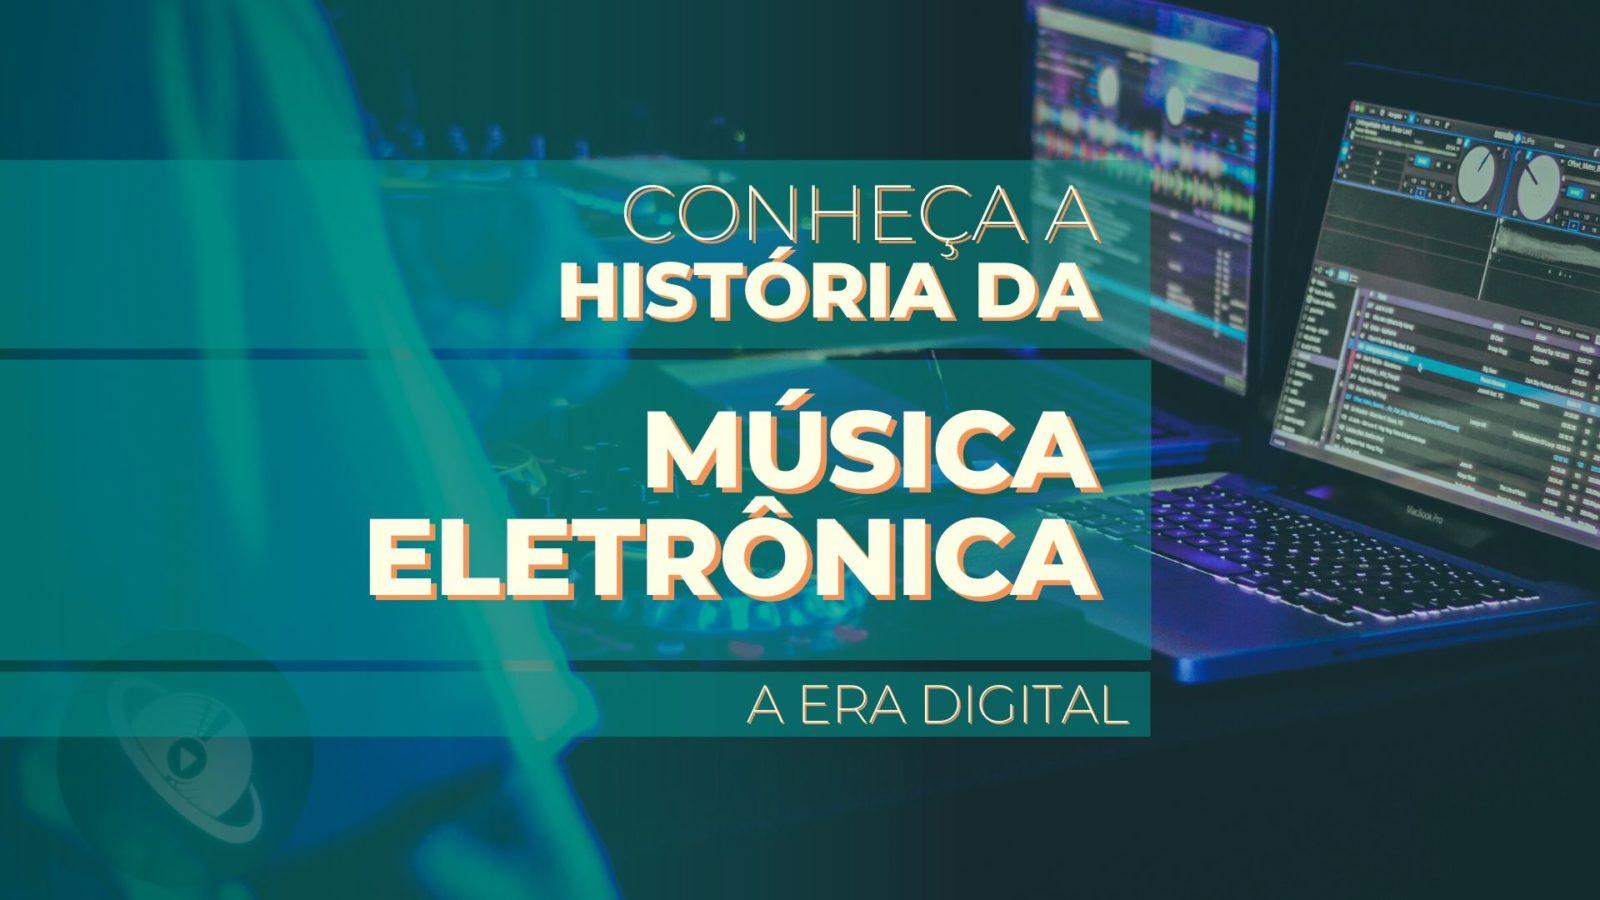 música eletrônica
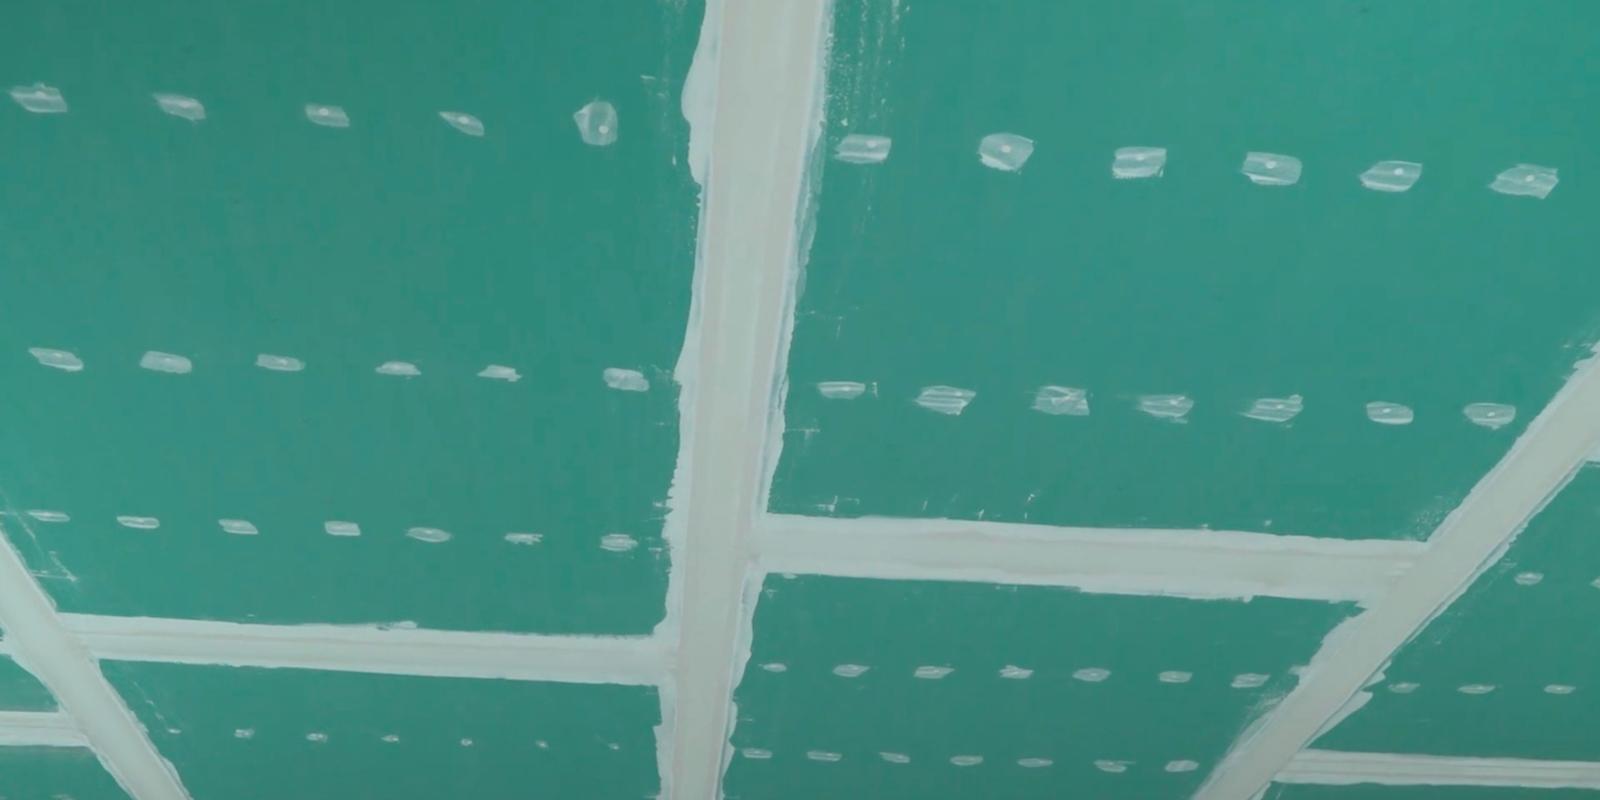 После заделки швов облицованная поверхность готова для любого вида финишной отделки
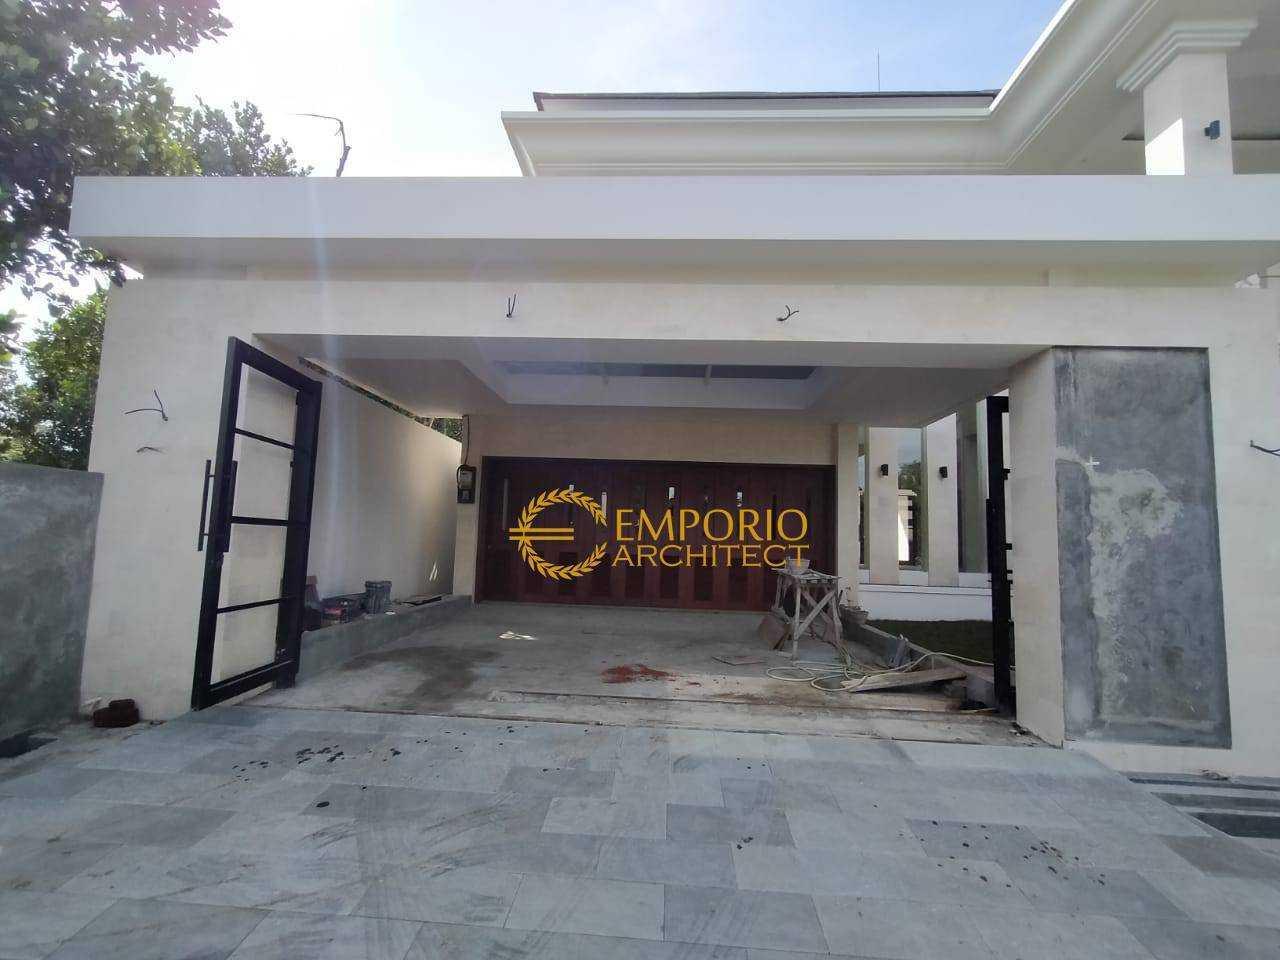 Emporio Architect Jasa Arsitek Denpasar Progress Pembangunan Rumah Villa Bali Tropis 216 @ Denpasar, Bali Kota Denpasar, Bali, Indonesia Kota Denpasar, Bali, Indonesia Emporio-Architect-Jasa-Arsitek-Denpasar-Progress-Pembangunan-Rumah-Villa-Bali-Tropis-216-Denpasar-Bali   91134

● ● ● ● ●

◆ **ACTIVITY**
Would you give the data above again word for word, minus the pictures?

◆ **ANSWER BOX**
 música eletrônica
 После заделки швов облицованная поверхность готова для любого вида финишной отделки
 Emporio Architect Jasa Arsitek Denpasar Progress Pembangunan Rumah Villa Bali Tropis 216 @ Denpasar, Bali Kota Denpasar, Bali, Indonesia Kota Denpasar, Bali, Indonesia Emporio-Architect-Jasa-Arsitek-Denpasar-Progress-Pembangunan-Rumah-Villa-Bali-Tropis-216-Denpasar-Bali   91134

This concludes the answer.